An effective array of good moment-summoning details, William. The ability
to do that is no doubt allied to the ability to select the details that make
for good representational visual art. I've often felt that if you hadn't
gone into visual art yourself, you might have become a novelist -- provided
you
could provide the necklace-chain of plot.

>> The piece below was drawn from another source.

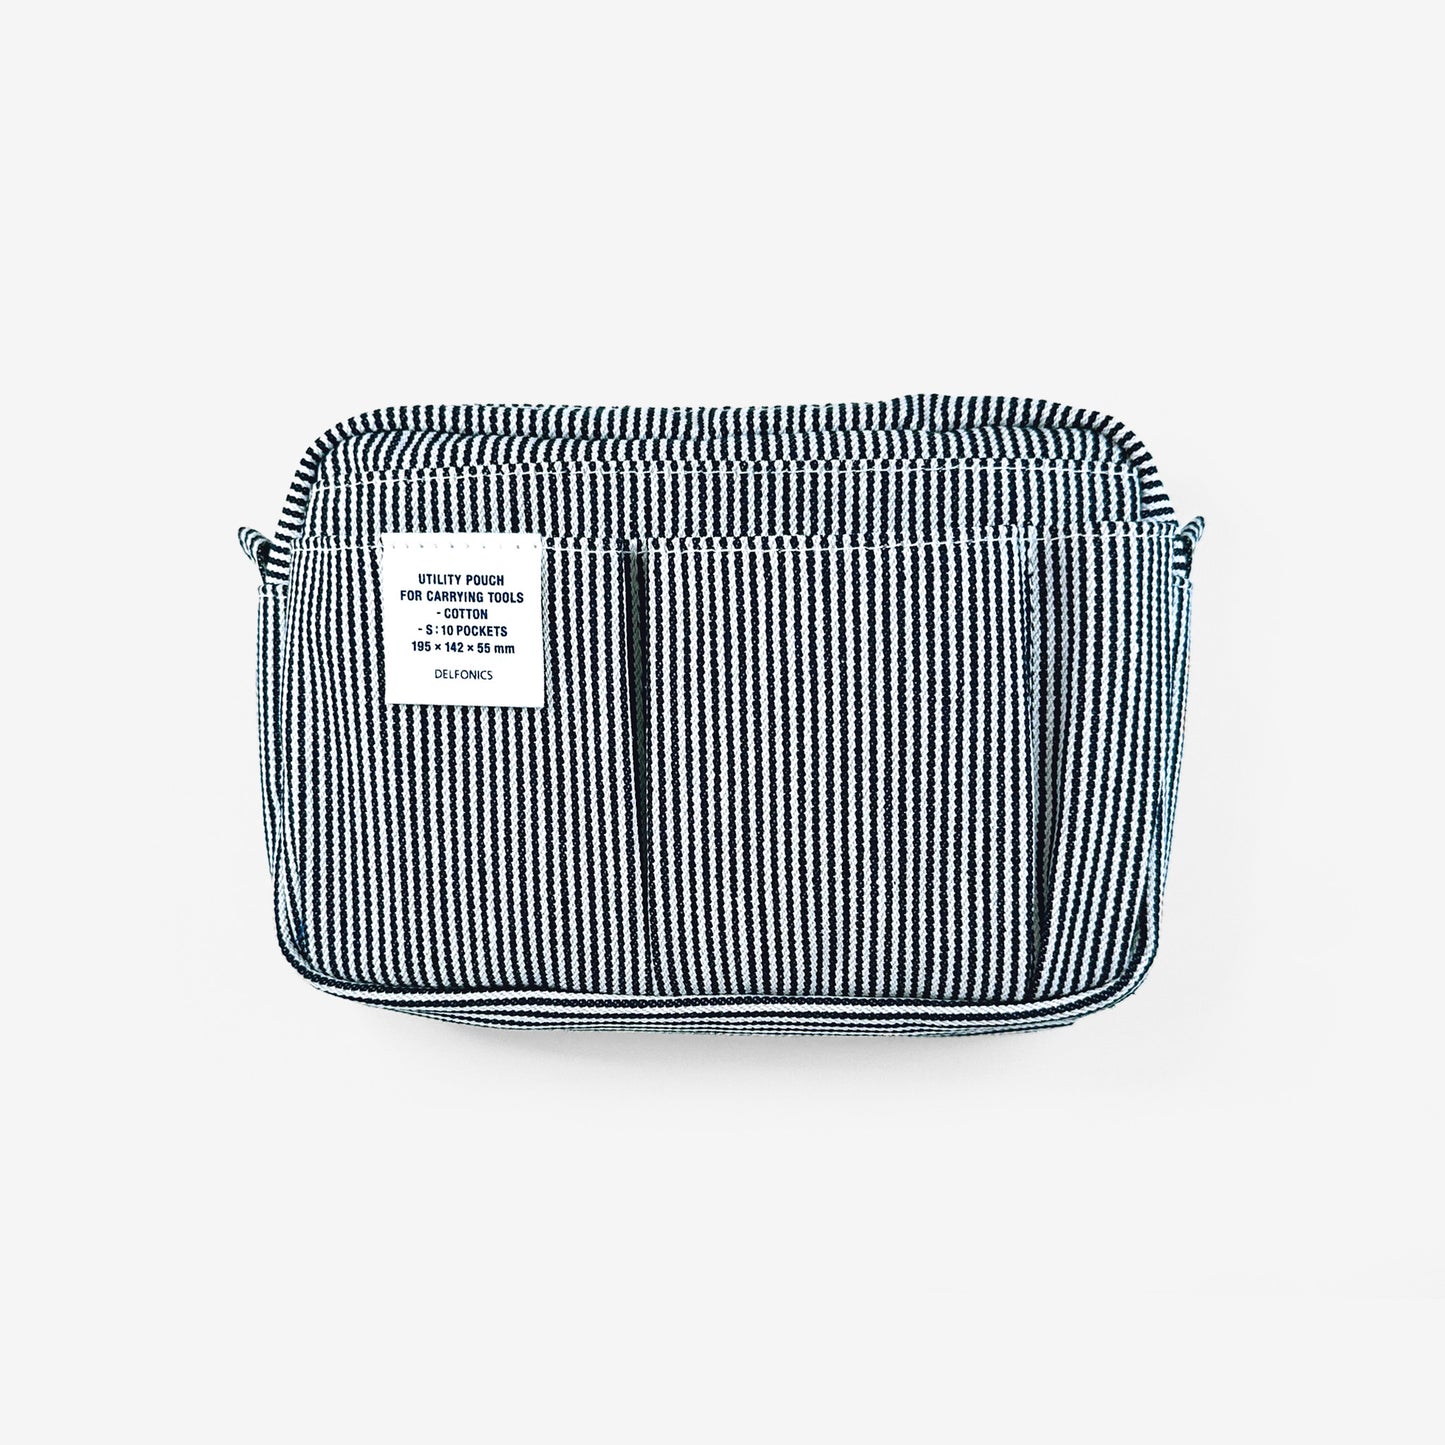 HICKORY STRIPED CARRYING CASE | TWO SIZES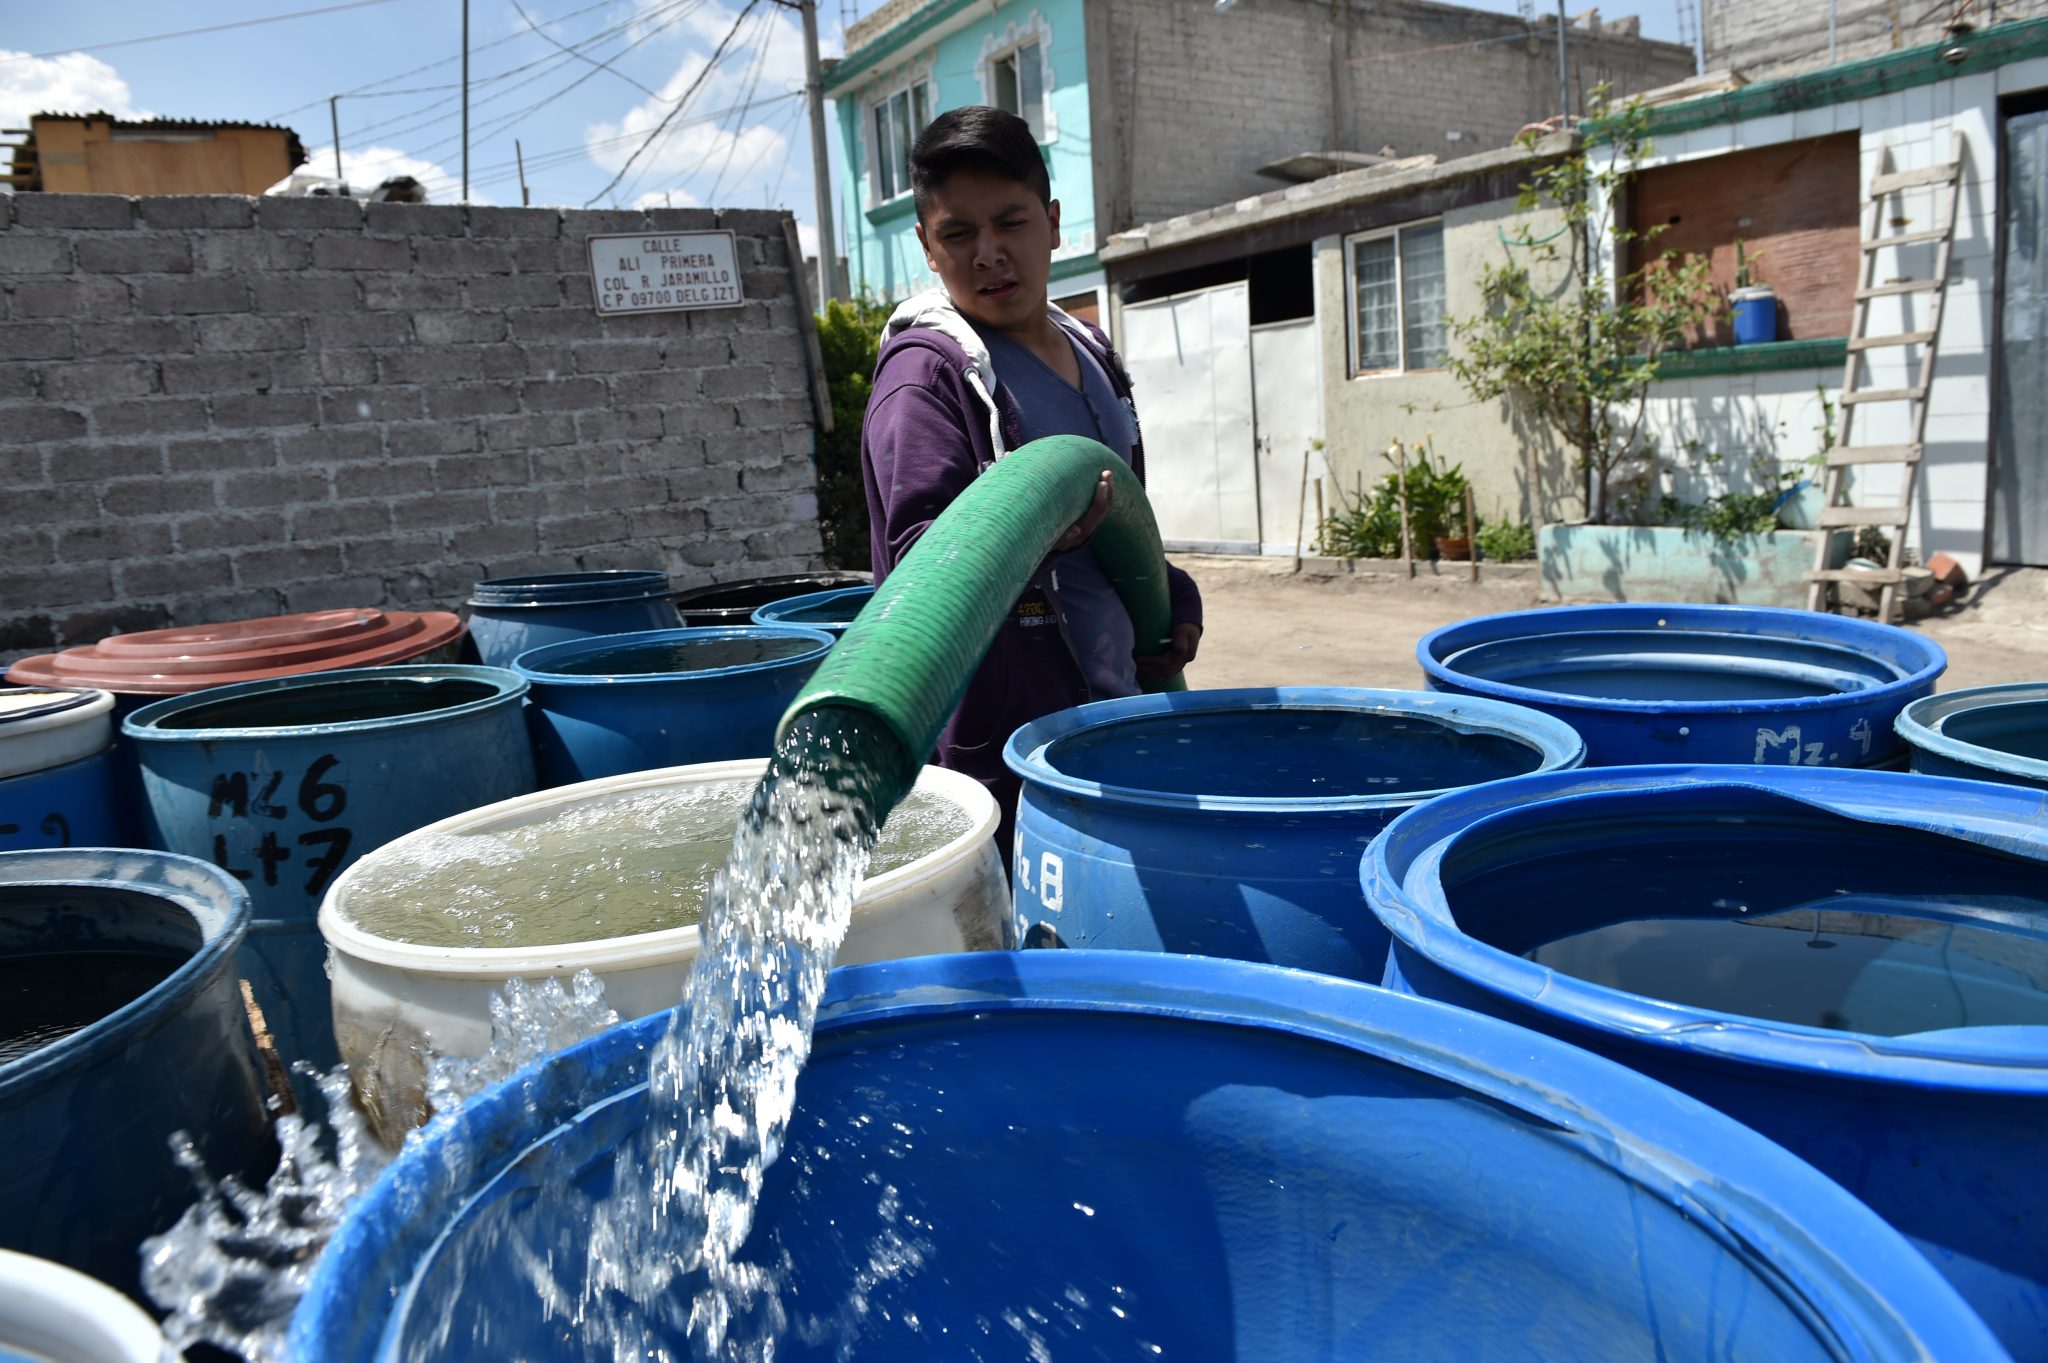 A municipal employee fills barrels of water from a tanker truck in a neighborhood in the Mexico City borough of Iztapalapa on April 19, 2017. Dozens of municipal tanker trucks in Mexico City distribute water in neighborhoods that do not receive piped water. In Iztapalapa approximately two million people have no running water and have to fill barrels and carry it to their homes in buckets. / AFP PHOTO / YURI CORTEZ / TO GO WITH AFP STORY BY YUSSEL GONZALEZ

As for this country's being the best, I agree, so I hope you didn't see the
first episode of Sorkin's new tv series NEWSROOM. It opens with a rattle of
data that supposedly prove we are not the best country. But there's a
defective logic at work.   For example, the opening datum was, I think, that
our
kids rank 15th or 25th or something in the world when it comes to math
scores. Number 1 was Finland. At best, all judgments of "best" are arbitrary,
but
the pertinence of that datum in judging that Finland is a "better" country
than the U.S. is dubious to me.


In a message dated 7/4/12 12:56:16 PM, [email protected] writes:


> I'm a sappy romantic patriot when it comes to Independence day.  I love
> remembering the joyous days of youth when we had plenty of firecrackers,
> smoke
> bombs, 'Roman candles' and maybe a few outlawed cherry bombs.  We had the
> run of
> the little Wisconsin farm town and probably did dangerous things by
> setting off
> 'fingerling' firecrackers by every little pigtailed girl we saw or by
> blowing up
> tin cans with bigger three-inch firecrackers and shooting our bee-be guns
> at
> every sparrow we glimpsed.  The cherry bombs were saved for something
> special,
> something big, out of adult view.   I remember the flag parades down Main
> Street
> with the old WWI veterans trudging loosely ahead of snappy young soldiers
> in
> close formation. The pathetic High school Band did its best, too, and all
> applauded them.  Then we had our big afternoon picnic on a bluff
> overlooking the
> Mississippi and I can assure you it was pure Americana with lots of fat
> relatives in aprons spreading out their three hundred varieties of potato
> salads, cold chicken, beer, pop and cookies on half-rotted picnic tables
> while
> Oshkosh-by-Gosh farmer-husbands lit campfires for hot-dogs and
> marshmellows. We
> messy reckless kids ran and climbed trees, stick-chasing puppies barked,
> sputtering old sun-faded rattle-trap cars still steamed under a big tree
> at the
> hilltop.   Best of all was the huge vista of blue sky, the wide river, 
> and the
> distant woodsy lands beyond (where imaginary Indians danced).  None of it
> was
> ever equal led in later, older eyes.   Now I want to celebrate the grown
> up
> American Dream that underpinned that children's' delight: Social equality
> and
> fellowship; honesty and fair play; freedom with charity.  If you're an
> American,
> you'd better wave that flag today or be shamed. You almost surely have
> more good
> fortune than you deserve. I'll also celebrate liberal-progressive
> ancestors
> David Conger, private NJ militia, 1776-78; Edward Conkling, Sag Harbor NY,
> Commander of Privateer Eagle killed at sea by British foes, 8 May 1779;
> and
> David Seabury, patriot, killed at Ft. Groton CT by mercenaries led by
> traitor
> Benedict Arnold, 6 Sept. 1781.  They and millions of others have assured
> our
> still evolving ideals and Independence, still the best ever devised and
> sustained so long.  It's a cultural aesthetic.